Architecture diagram
Figure. Cloud Hadoop Architecture Diagram

Provided features

Cloud Hadoop provides the following features.

  • Provide Hadoop Cluster as a cloud service

    • Providing a Hadoop Cluster through automated cluster installation in the SDS Cloud environment
    • Perform essential operational activities for cluster management (cluster operation/monitoring)
    • Provides a Hadoop ecosystem with verified interoperability and allows users to access the server (VM)
  • Offer the Hadoop service stack as separate products (increase nodes per product)

    • Minimum node allocation per product for stable service operation
    • Providing diverse product selection opportunities to meet user needs and reduce costs
  • Providing user-friendly features for Hadoop services

    • Provides installation and management functions for each Hadoop ecosystem, optimal configuration values, and version management features.
    • Provide an integrated monitoring dashboard for system resources
    • Provides Service Failure Alert feature

Component

We package the major components of the Hadoop ecosystem to deliver an enterprise data cloud.

Service Configuration

Cloud Hadoop provides the following services.

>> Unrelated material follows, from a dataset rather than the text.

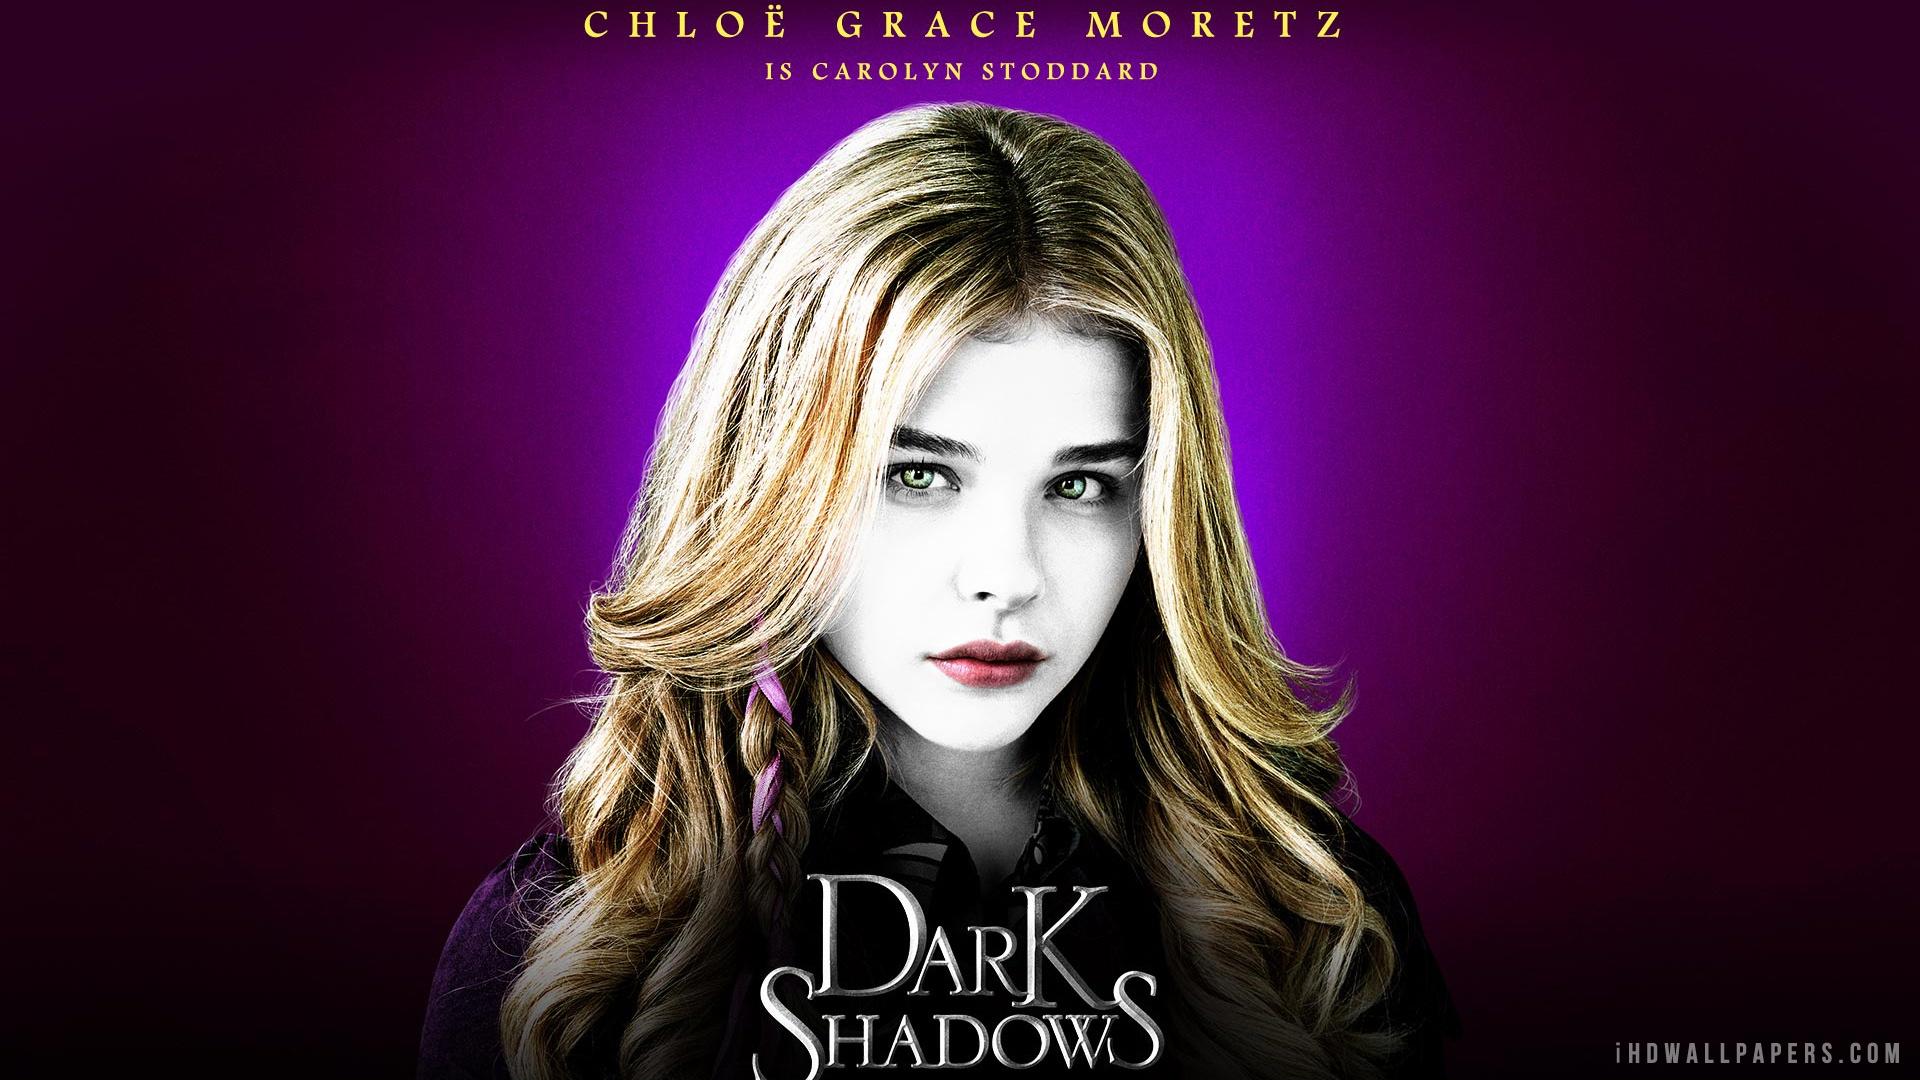 Chloe Moretz in Dark Shadows HD Wallpaper   iHD Wallpapers 1920x1080

  • Basic Installation Service
    • HDFS 3.3.6
    • YARN 3.3.6
    • Hbase 2.4.17
    • Hive 3.1.2
    • Tez 0.9.1
    • Hue 4.11.0
    • Solr 8.11.4
    • Spark 3.4.1
    • Zookeeper 3.8.5
  • Additional Option Service
    • Data Governance: Atlas 2.1.0, Ranger 2.1.0
    • Analytical Data Warehouse: Iceberg 1.8.0, Kyuubi 1.10.2
    • Data Ingestion: Sqoop 1.4.7, Kafka 3.9.1, Flume 1.11.0

Server type

The server types supported by Cloud Hadoop are as follows.

Category
exampleDetailed description
Server typeStandardProvided server types
  • Standard: Configured with the commonly used standard specifications (vCPU, Memory)
  • High Capacity: Large-capacity server specifications of 24 cores or more
Server sizes1v4m32Provided server specifications
  • vCPU 4
Table. Cloud Hadoop server type

The minimum specifications for using Cloud Hadoop are as follows.

Category
AlgebraInstance size (user-selected value)
Master2(fixed)CPU: 4 Core
Memory: 32 GB
Worker3(minimum)CPU: 4 Core
Memory: 32 GB
Data GovernanceNone
Analytical Data WarehouseNone
Ingestion3 (minimum)CPU: 4 Core
Memory: 32 GB
Table. Cloud Hadoop Minimum Specifications

Provision status by region

Cloud Hadoop is available in the following environments.

regionProvision status
Korea West (kr-west1)Provide
Korea East (kr-east1)Provide
South Korea South1(kr-south1)Not provided
South Korea South 2 (kr-south2)Not provided
South Korea 3 (kr-south3)Not provided
Table. Cloud Hadoop regional availability status

Preliminary Service

This is a list of services that need to be pre-configured before creating the service. Please refer to the guide provided for each service and prepare in advance.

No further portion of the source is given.